*** Block opens ***

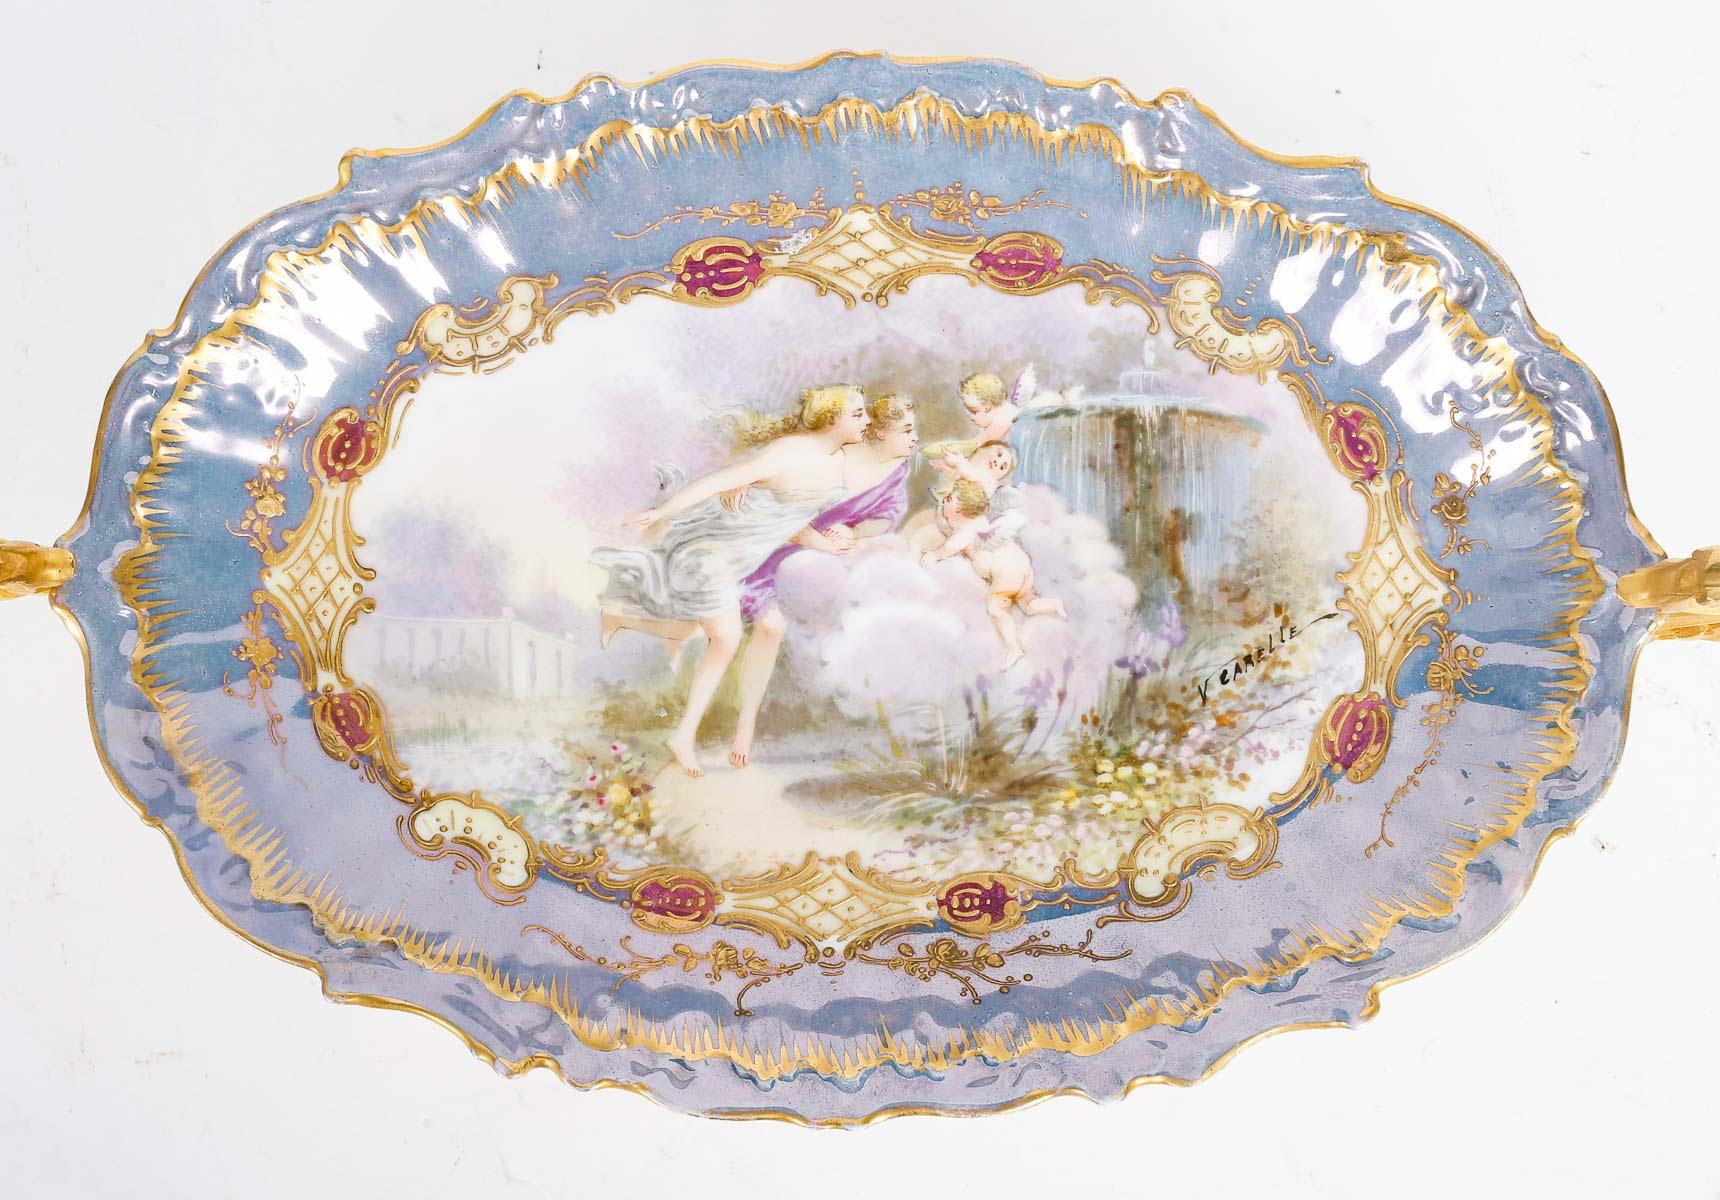 Coupe en porcelaine de Sèvres du XIXe siècle, d'époque Napoléon III.

Coupe en porcelaine de Sèvres, monture en bronze doré, XIXe siècle, période Napoléon III.
h : 11cm, l : 38cm, p : 18cm
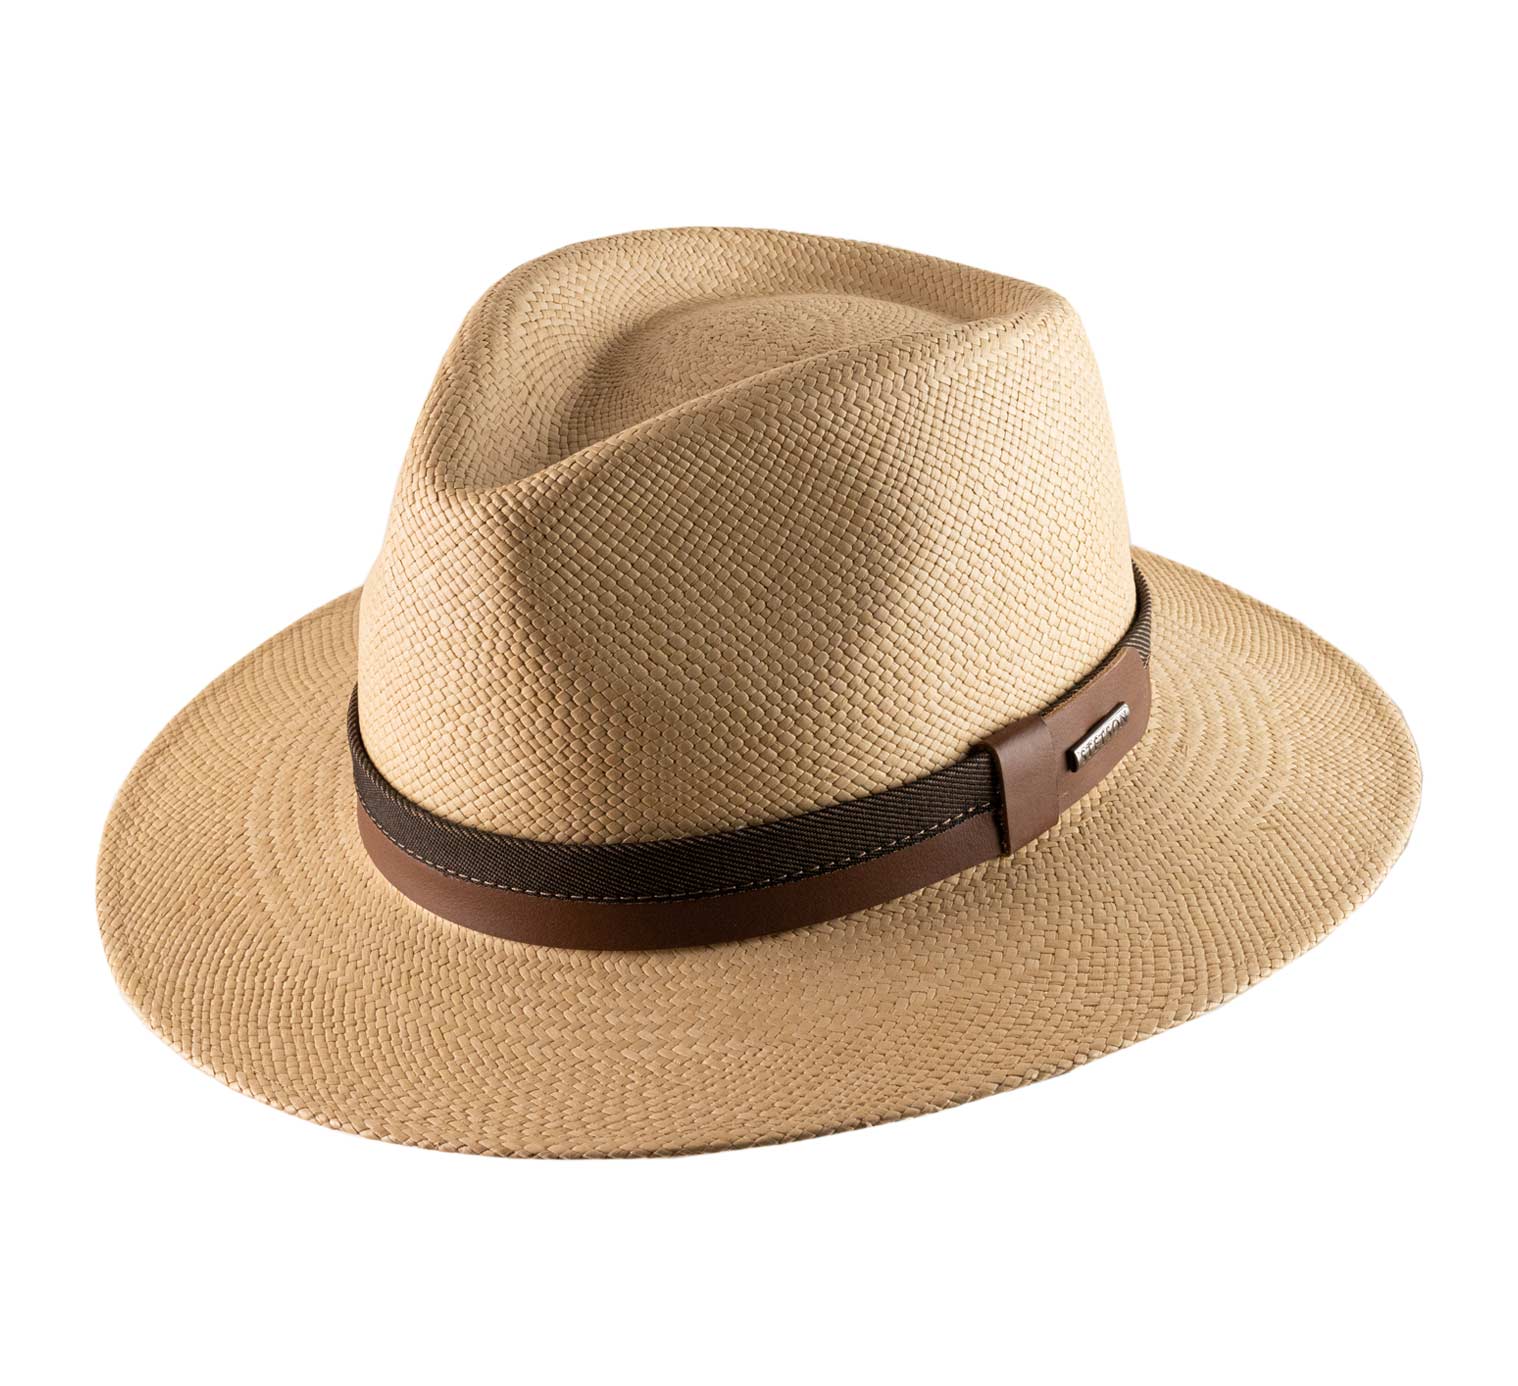 Chapeau Stetson en coton - achetez un chapeau Stetson d'été pour homme
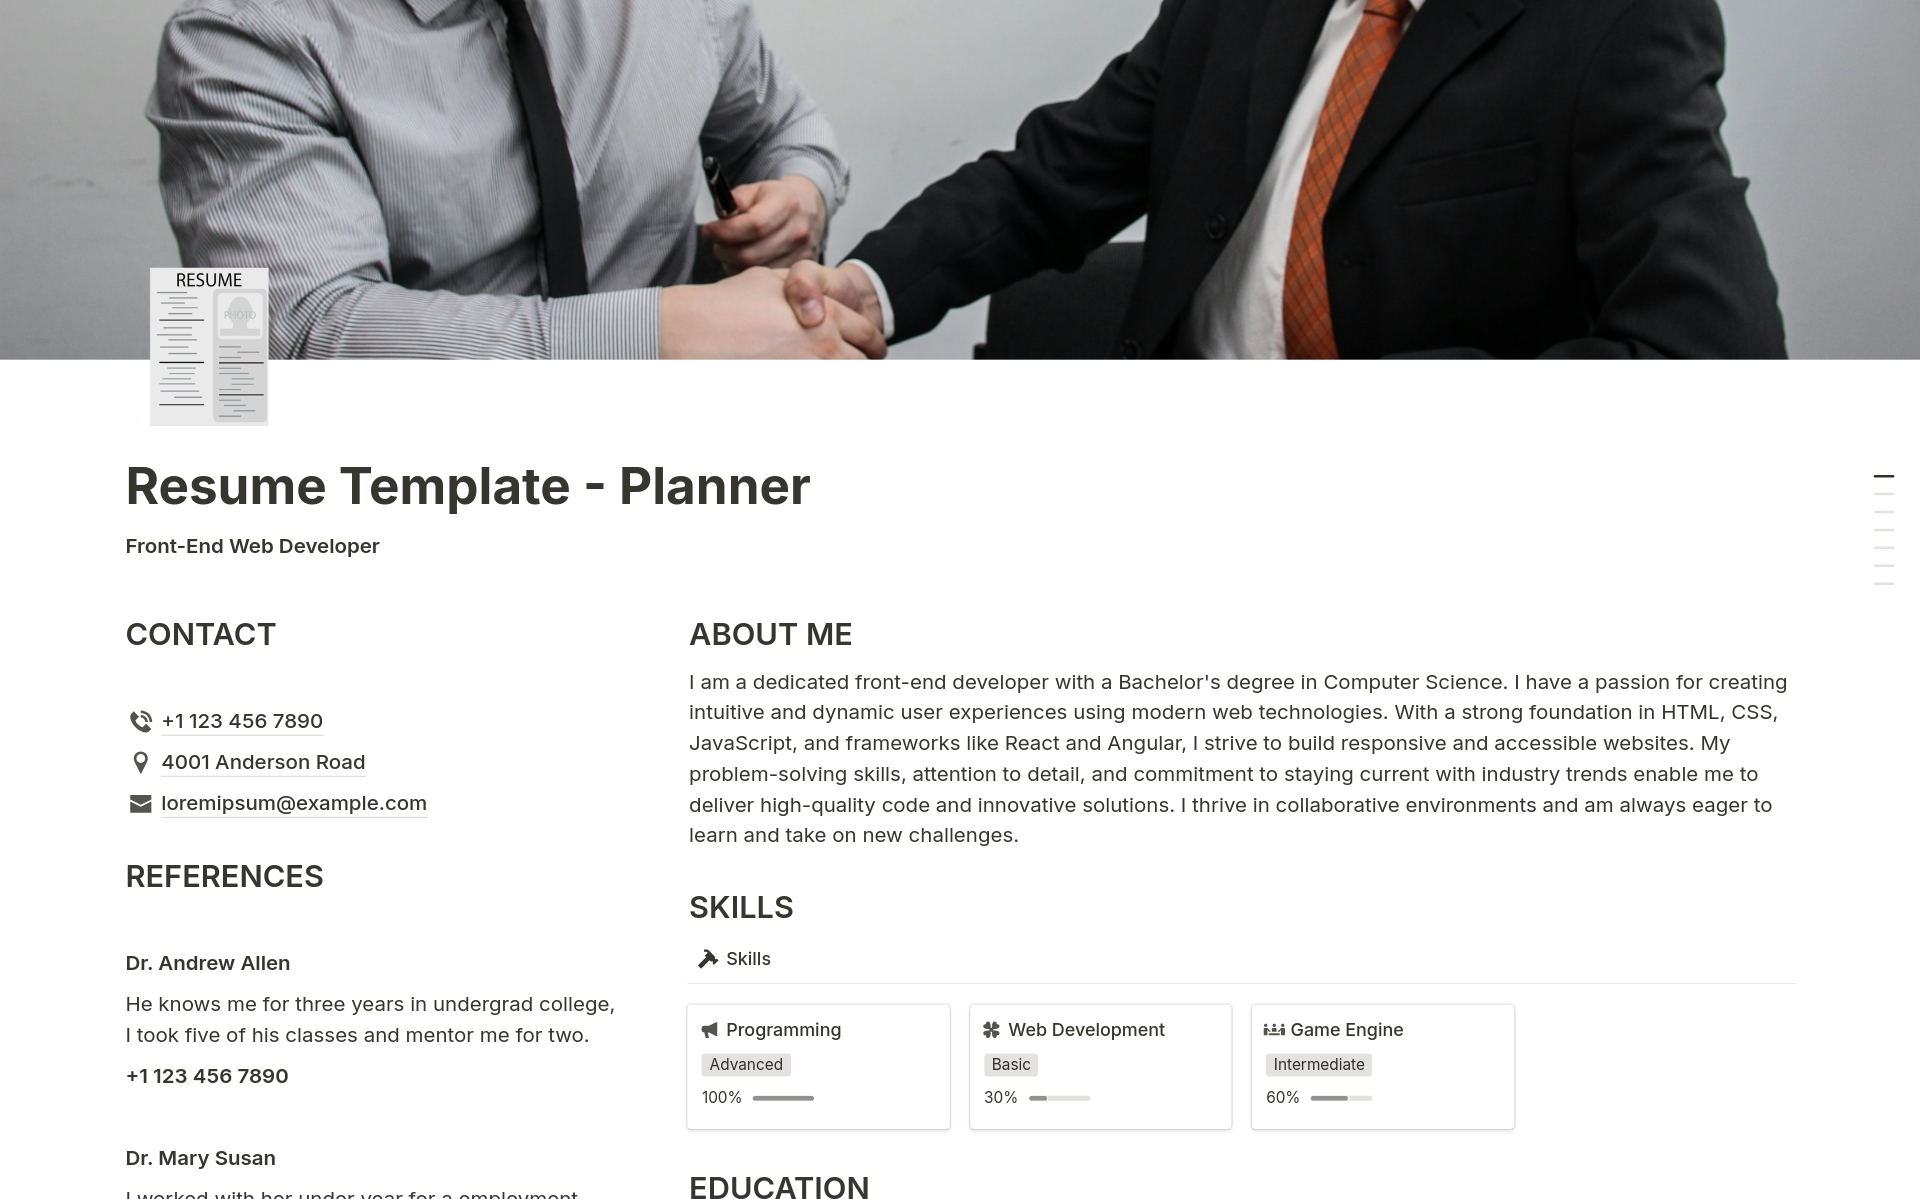 Resume - Plannerのテンプレートのプレビュー

*** Block closes ***

**What is expected**: If a line holds an image, leave the image out; retype everything else in the entries exactly.

**Response for this exercise**:
 Coupe en porcelaine de Sèvres du XIXe siècle, d'époque Napoléon III.

Coupe en porcelaine de Sèvres, monture en bronze doré, XIXe siècle, période Napoléon III.
h : 11cm, l : 38cm, p : 18cm
 Chapeau Stetson en coton - achetez un chapeau Stetson d'été pour homme
 Resume - Plannerのテンプレートのプレビュー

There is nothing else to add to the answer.